Even though this period had some of the most famous tech of the last few decades, AI wasn’t really on most people’s minds. Personal and home assistants like Siri and Alexa didn’t come out until the next period.
2011-2020: The Spread and Development of AI-Driven Applications
During this time, companies started making AI-driven products that worked well. They add AI to things like virtual assistants, grammar checkers, computers, smartphones, and augmented reality apps.
- 2011: IBM made Watson, a computer system that can answer questions. The company put it up against two past Jeopardy champions to show how good it was, and Watson the computer won.
- 2011: Siri was made by Apple. It is a smart AI-powered virtual helper that iPhone users still use often.
- 2012: Researchers at the University of Toronto made a large-scale image recognition system that works 84 percent of the time. Keep in mind that older types made mistakes 25% of the time.

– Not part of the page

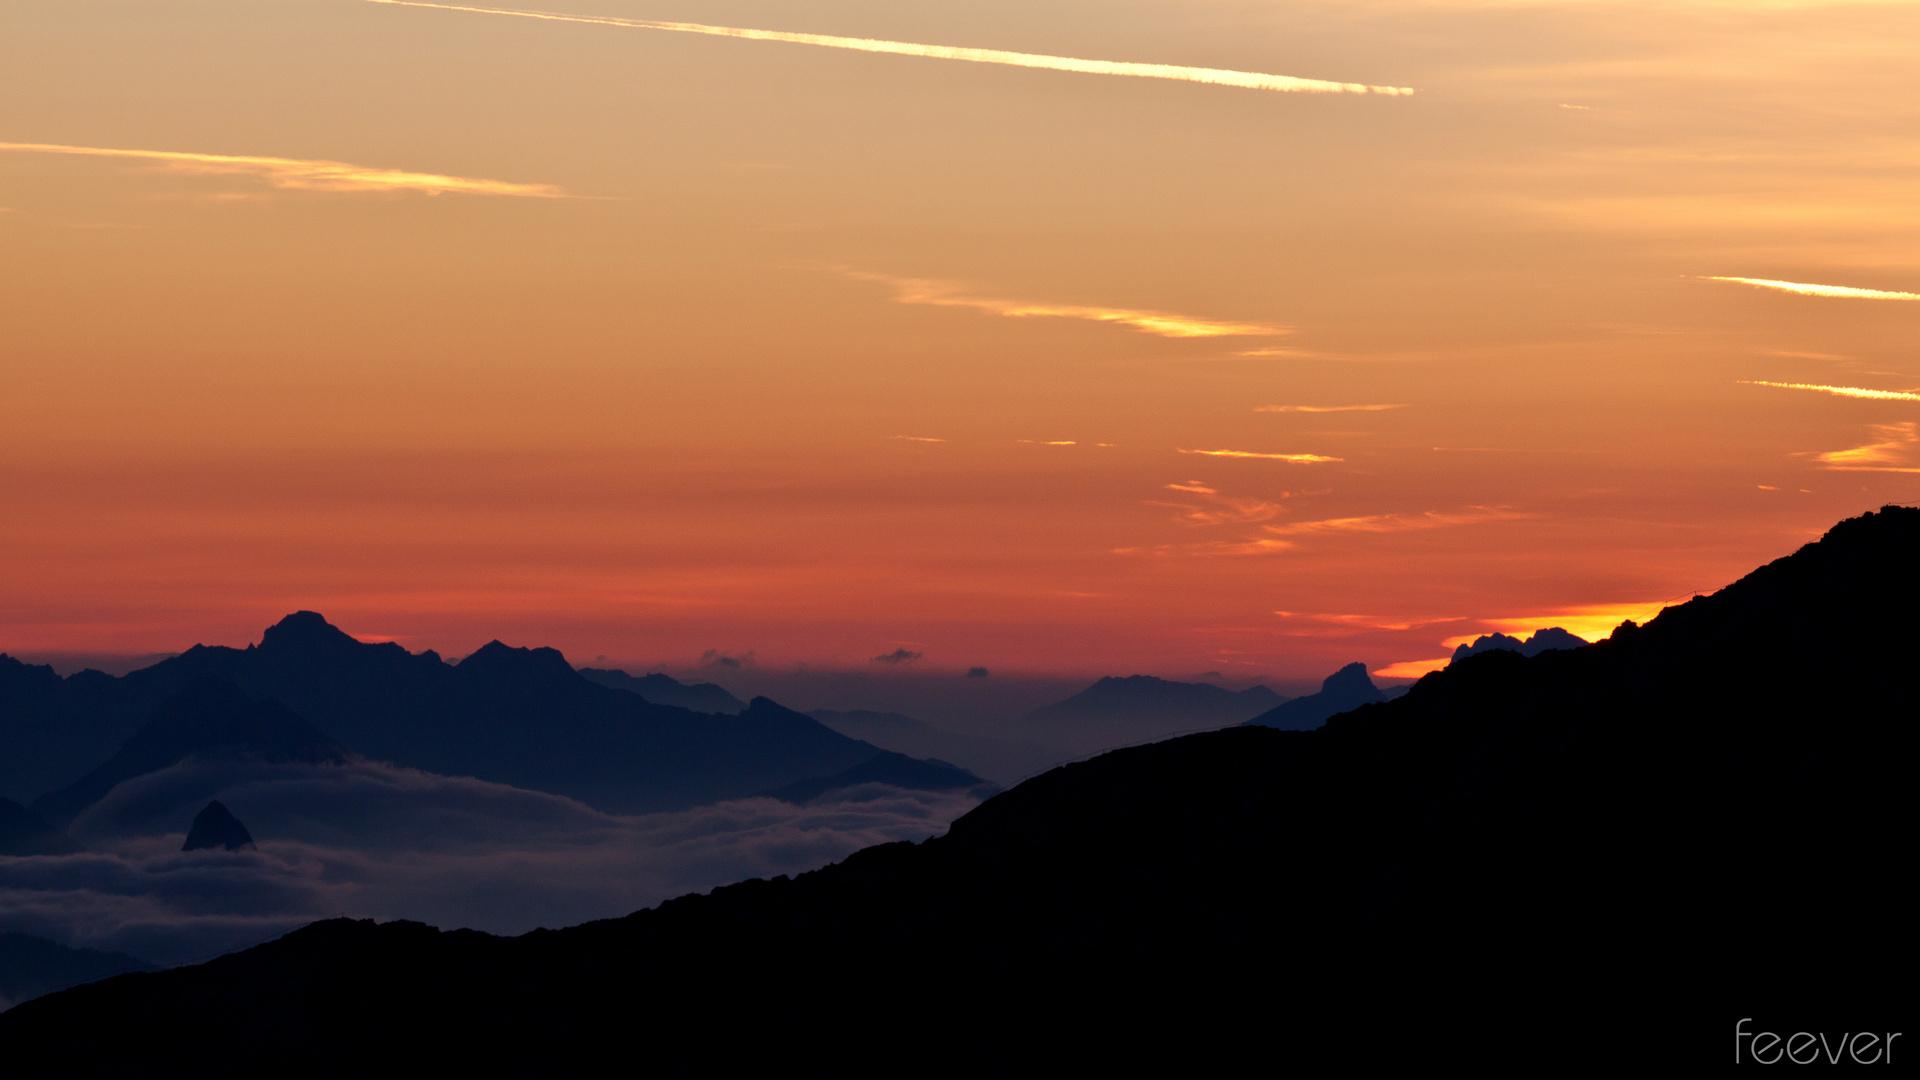 Der letzte Augenblick vor dem Sonnenaufgang ...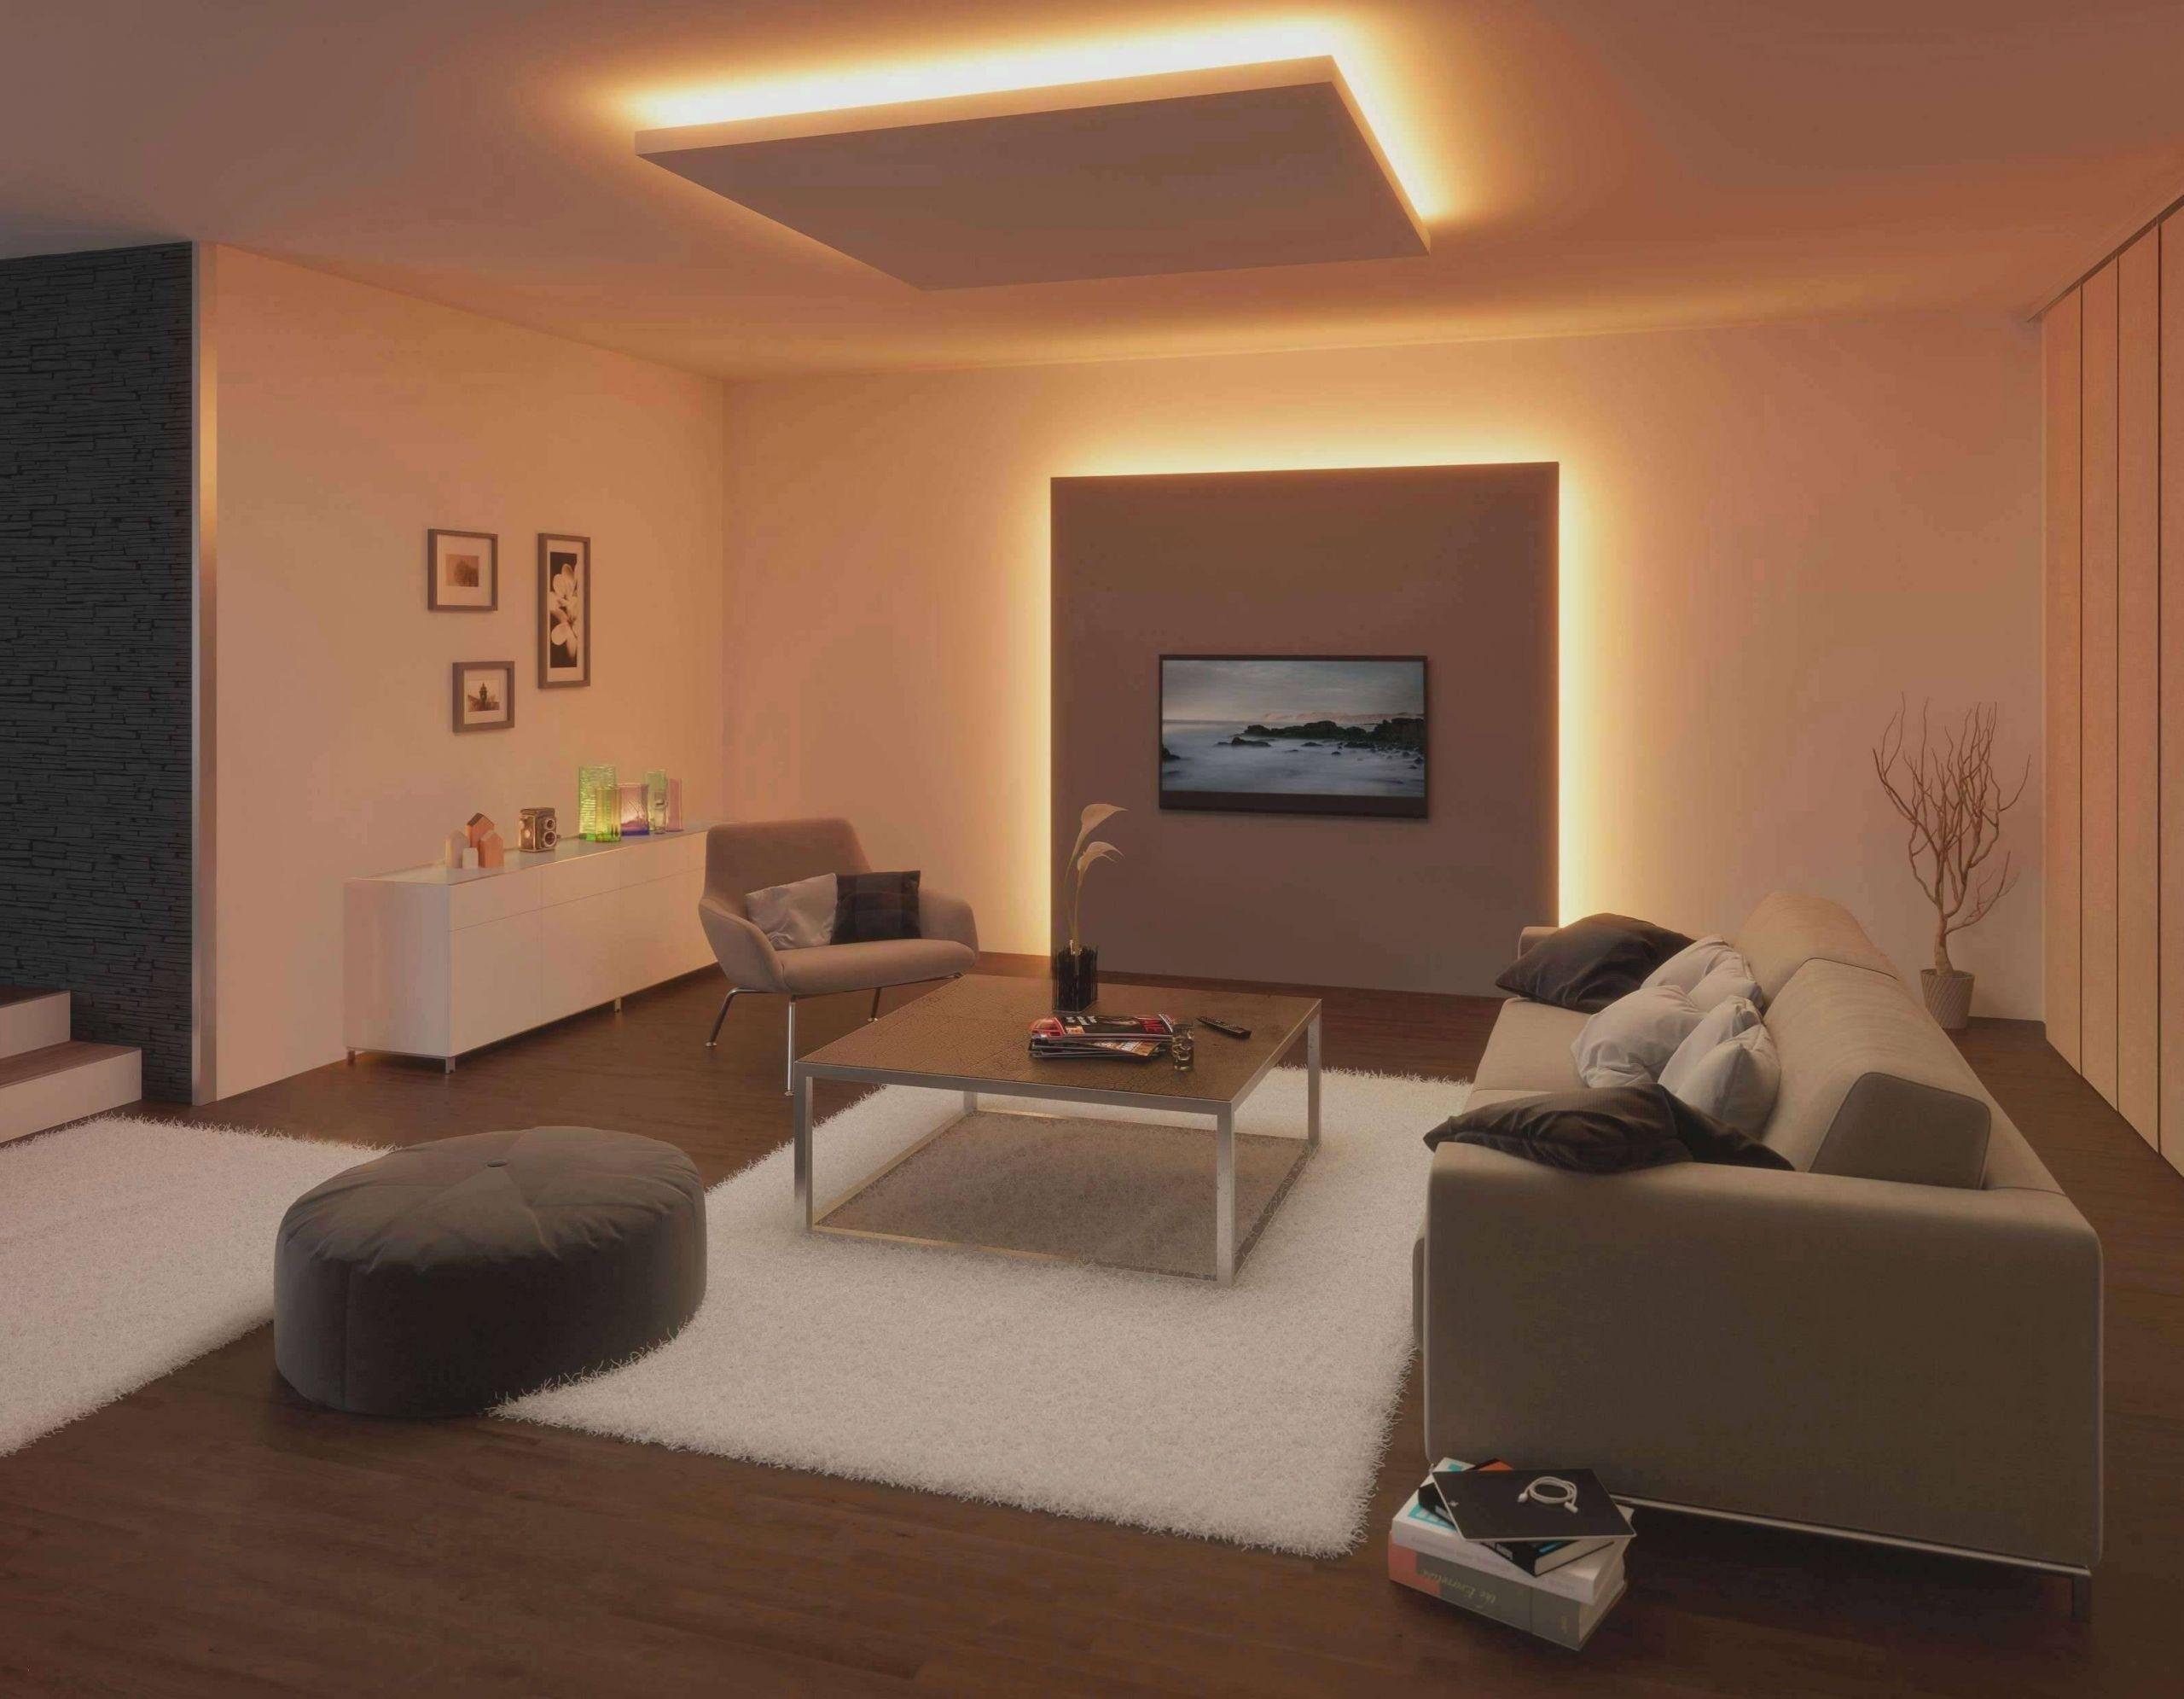 verruckte wohnzimmer ideen frisch 45 kollektion balkon gestalten tipps stock of verruckte wohnzimmer ideen

- 2016: World winner in Go since AlphaGo is a computer system that was taught to play Go by Google DeepMind. Lee Sedol played five games against it. Lee lost four times. This shows that well-trained AI systems are better than even the most skilled experts in their areas.
- 2018: OpenAI made GPT-1, which is the first example of a language in the GPT family. The BookCorpus collection was used to train developers. The model could answer questions about general information and talk like a real person.
During this time, people probably used AI apps without even realizing it, even though visual and voice recognition tools were still young for most people. AI research picked up speed toward the end of the decade, but not as much as what was to come.
2021-Present: Global Tech Leaders Kick off the Great AI Race
The big AI race has started. Language models are being made available by developers, and companies are looking into ways to add AI to their goods. At this rate, almost every object that people buy will have some kind of AI in it.
- 2022: With ChatGPT, OpenAI made a lot of noise. It’s a smart, AI-driven robot that runs on GPT-3.5, which is an update to the GPT model it made in 2018. During training, people who made it gave it 300 billion words.
- 2023: Other tech companies around the world did the same. Google put out Bard, Microsoft put out Bing Chat, Meta made an open-source language model called LLaMA, and OpenAI put out GPT-4, an updated version of its model.
There are also a lot of AI web apps and AI-based health apps that can be used or are being made, and there will be a lot more.
How AI Will Shape the Future?
AI is more than just chatting and making pictures. They help make progress in many areas, such as global security and market technology. AI helps you in more ways than you might think. So, instead of rejecting AI systems that are open to the public, you should learn how to use them yourself.
Simple AI tools like ChatGPT and Bing Chat can help you get your study going faster. Put them into your everyday life. Powerful language models can write hard letters, look up SEO keywords, solve math problems, and answer questions about general knowledge.